Percona Monitoring and Management (PMM) recently introduced the Integrated Alerting feature as a technical preview. This was a very eagerly awaited feature, as PMM doesn’t need to integrate with an external alerting system anymore. Recently we blogged about the release of this feature.
PMM includes some built-in templates, and in this post, I am going to show you how to add your own alerts.
Enable Integrated Alerting
The first thing to do is navigate to the PMM Settings by clicking the wheel on the left menu, and choose Settings:
Next, go to Advanced Settings, and click on the slider to enable Integrated Alerting down in the “Technical Preview” section.

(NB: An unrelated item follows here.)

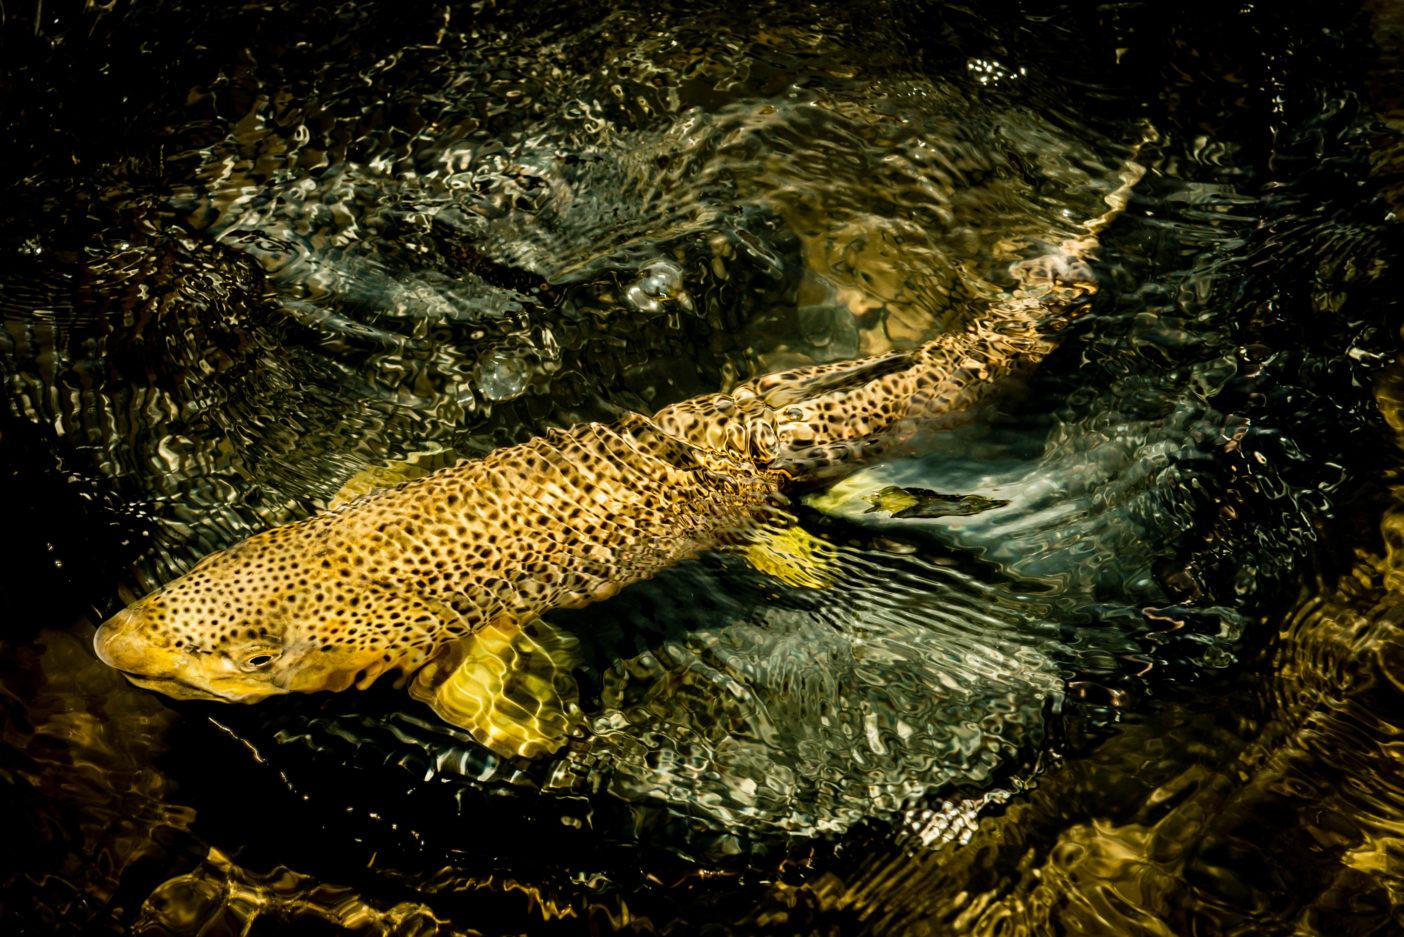 北米に生息するブラウントラウトは天然魚ではなく、ヨーロッパからの移植魚である。長い間イエローストーン周辺のローカル・フィッシング・ビジネスを支えてきた魚だというのに、近年ネイティブのグレーリングやカットスロートを追いやった犯人として悪役扱いされ始めている。真の黒幕は人間だというのに。 写真:阪東幸成

While you’re here, if you want to enable SMTP or Slack notifications you can set them up right now by clicking the new Communications tab (which shows up after you hit “Apply Changes” turning on the feature).
The example below shows how to configure email notifications through Gmail:
You should now see the Integrated Alerting option in the left menu under Alerting, so let’s go there next:
Configuring Alert Destinations
After clicking on the Integrated Alerting option, go to the Notification Channels to configure the destination for your alerts. At the time of this writing, email via your SMTP server, Slack and PagerDuty are supported.
Creating a Custom Alert Template
Alerts are defined using MetricsQL which is backward compatible with Prometheus QL. As an example, let’s configure an alert to let us know if MongoDB is down.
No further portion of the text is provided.